有多机分布式任务的example吗？

PKUFlyingPig commented 2 months ago

nice work！想请问是否有多机的 example 示例或者论文中实验的复现脚本，我看代码似乎是必须用 slurm 起机器是吗？例如我想复现论文中 70B+70B 的 end2end 实验的话能否给出步骤和建议呢，谢谢！

garrett4wade commented 2 months ago

Hi你好，感谢关注我们的工作！

我们昨天刚更新了用ray启动分布式的example，您可以clone main上的代码，然后去看下新的doc。

简单来说，按照ray的教程setup ray cluster之后，examples文件夹下面的script把mode设成ray就可以跑了。

在杀了实验之后，请记得在每个节点上重启下ray，不然ray的进程会stale，再起下一个实验会卡住。

PKUFlyingPig commented 1 month ago

你好，我按照文档里 quickstart 的 PPO example 时执行了如下指令：

python3 -m realhf.apps.quickstart ppo \
    experiment_name=quickstart-ppo \
    trial_name=release \
    exp_ctrl.total_train_epochs=1 \
    exp_ctrl.save_freq_steps=null \
    allocation_mode=heuristic \
    actor.type._class=llama \
    actor.path=meta-llama/Llama-2-7b \
    critic.type._class=llama \
    critic.type.is_critic=True \
    critic.path=meta-llama/Llama-2-7b \
    critic.gradient_checkpointing=True \
    ref.type._class=llama \
    ref.path=meta-llama/Llama-2-7b \
    rew.type._class=llama \
    rew.type.is_critic=True \
    rew.path=meta-llama/Llama-2-7b \
    dataset.path=ppo_dataset.jsonl \
    dataset.max_prompt_len=256 \
    dataset.train_bs_n_seqs=128 \
    ppo.gen.max_new_tokens=256 \
    ppo.gen.min_new_tokens=256 \
    ppo.ppo_n_minibatches=4 \
    ppo.kl_ctl=0.1 \
    ppo.value_eps_clip=0.2 \
    ppo.reward_output_scaling=10.0 \
    ppo.adv_norm=True ppo.value_norm=True

但是遇到了如下报错：

20240717-14:38:10.649 quickstart INFO: Running ppo experiment.
20240717-14:38:10.650 quickstart INFO: Logs will be dumped to /home/zhongyinmin/.cache/realhf/logs/zhongyinmin/quickstart-ppo/release
20240717-14:38:10.650 quickstart INFO: Model checkpoints will be saved to /home/zhongyinmin/.cache/realhf/checkpoints/zhongyinmin/quickstart-ppo/release
20240717-14:38:10.651 quickstart WARNING: Slurm is not available. Using local mode.
20240717-14:38:10.654 main WARNING: Environment variable CLUSTER_SPEC_PATH is not set.

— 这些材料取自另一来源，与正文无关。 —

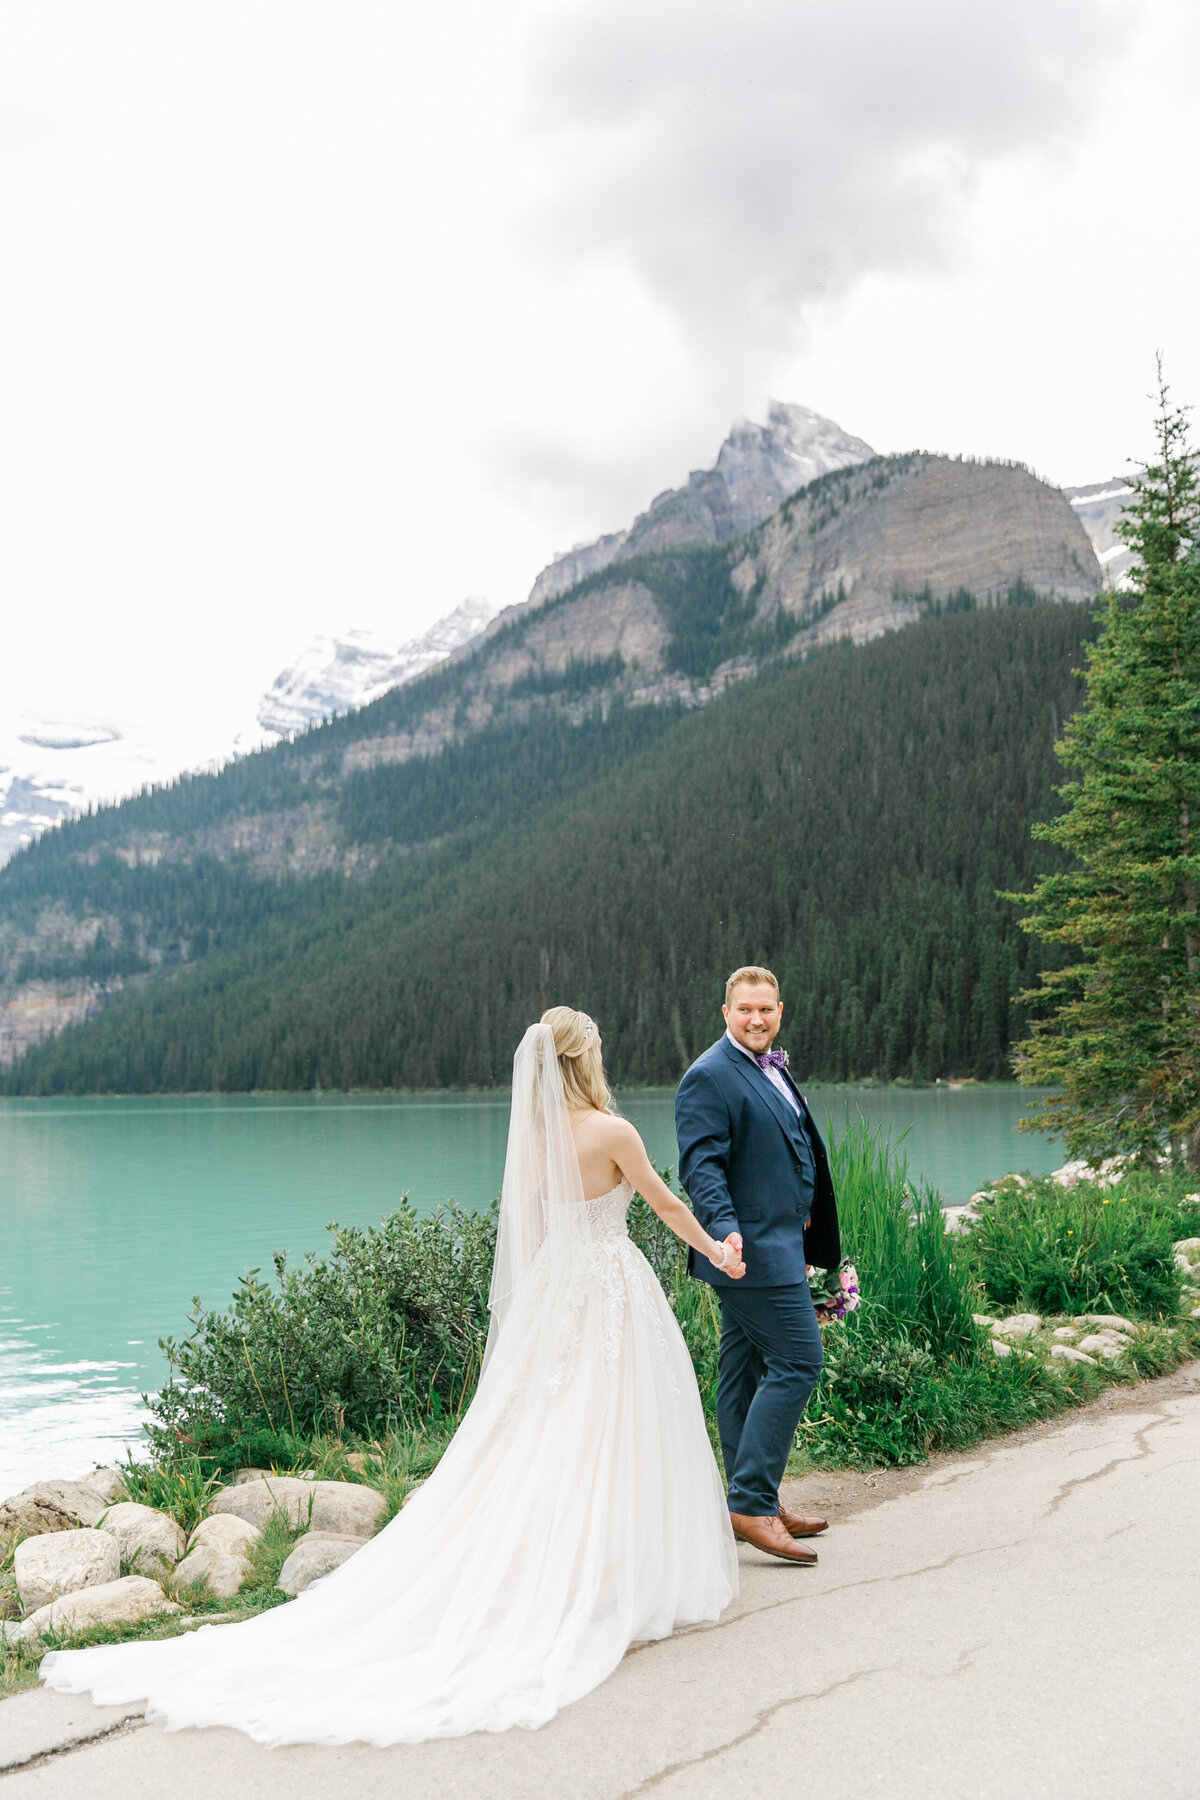 Karlie Colleen Photography - Fairmont Chateau Lake Louise Wedding - Banff Canada - Sara & Drew Forsberg-1040

Files of the experiment (logs, checkpoints, cache ...) will be saved to temporary directory of the system. To change the fileroot, set the fileroot option of your choice in your CLUSTER_SPEC_PATH.
20240717-14:38:10.670 main INFO: Resetting name resolving repo...
20240717-14:38:10.670 name-resolve INFO: No such name resolve path: /home/zhongyinmin/.cache/realhf/name_resolve/zhongyinmin/quickstart-ppo/release
20240717-14:38:10.670 main INFO: Resetting name resolving repo... Done.
20240717-14:38:10.670 main INFO: Running configuration: PPOConfig
20240717-14:38:10.673 Local Scheduler INFO: Waiting for 10 local running processes, pids: 1576 1577 1578 1579 1581 1583 1586 1587 1591 1594
/usr/bin/python3: Error while finding module specification for 'realhf.apps.remote' (ModuleNotFoundError: No module named 'realhf')
/usr/bin/python3: Error while finding module specification for 'realhf.apps.remote' (ModuleNotFoundError: No module named 'realhf')
/usr/bin/python3: Error while finding module specification for 'realhf.apps.remote' (ModuleNotFoundError: No module named 'realhf')
/usr/bin/python3: Error while finding module specification for 'realhf.apps.remote' (ModuleNotFoundError: No module named 'realhf')
/usr/bin/python3: Error while finding module specification for 'realhf.apps.remote' (ModuleNotFoundError: No module named 'realhf')
/usr/bin/python3: Error while finding module specification for 'realhf.apps.remote' (ModuleNotFoundError: No module named 'realhf')
/usr/bin/python3: Error while finding module specification for 'realhf.apps.remote' (ModuleNotFoundError: No module named 'realhf')
/usr/bin/python3: Error while finding module specification for 'realhf.apps.remote' (ModuleNotFoundError: No module named 'realhf')
/usr/bin/python3: Error while finding module specification for 'realhf.apps.remote' (ModuleNotFoundError: No module named 'realhf')
/usr/bin/python3: Error while finding module specification for 'realhf.apps.remote' (ModuleNotFoundError: No module named 'realhf')
20240717-14:38:12.678 Local Scheduler INFO: Stopping local process with signal SIGTERM, pid: [1576]
20240717-14:38:12.679 Local Scheduler INFO: Stopping local process with signal SIGTERM, pid: [1577, 1578, 1579, 1581, 1583, 1586, 1587, 1591]
20240717-14:38:12.682 Local Scheduler INFO: Stopping local process with signal SIGTERM, pid: [1594]
20240717-14:38:12.683 Local Scheduler INFO: Waiting for 0 local running processes, pids: 
20240717-14:38:12.683 quickstart WARNING: Exception occurred. Stopping all workers.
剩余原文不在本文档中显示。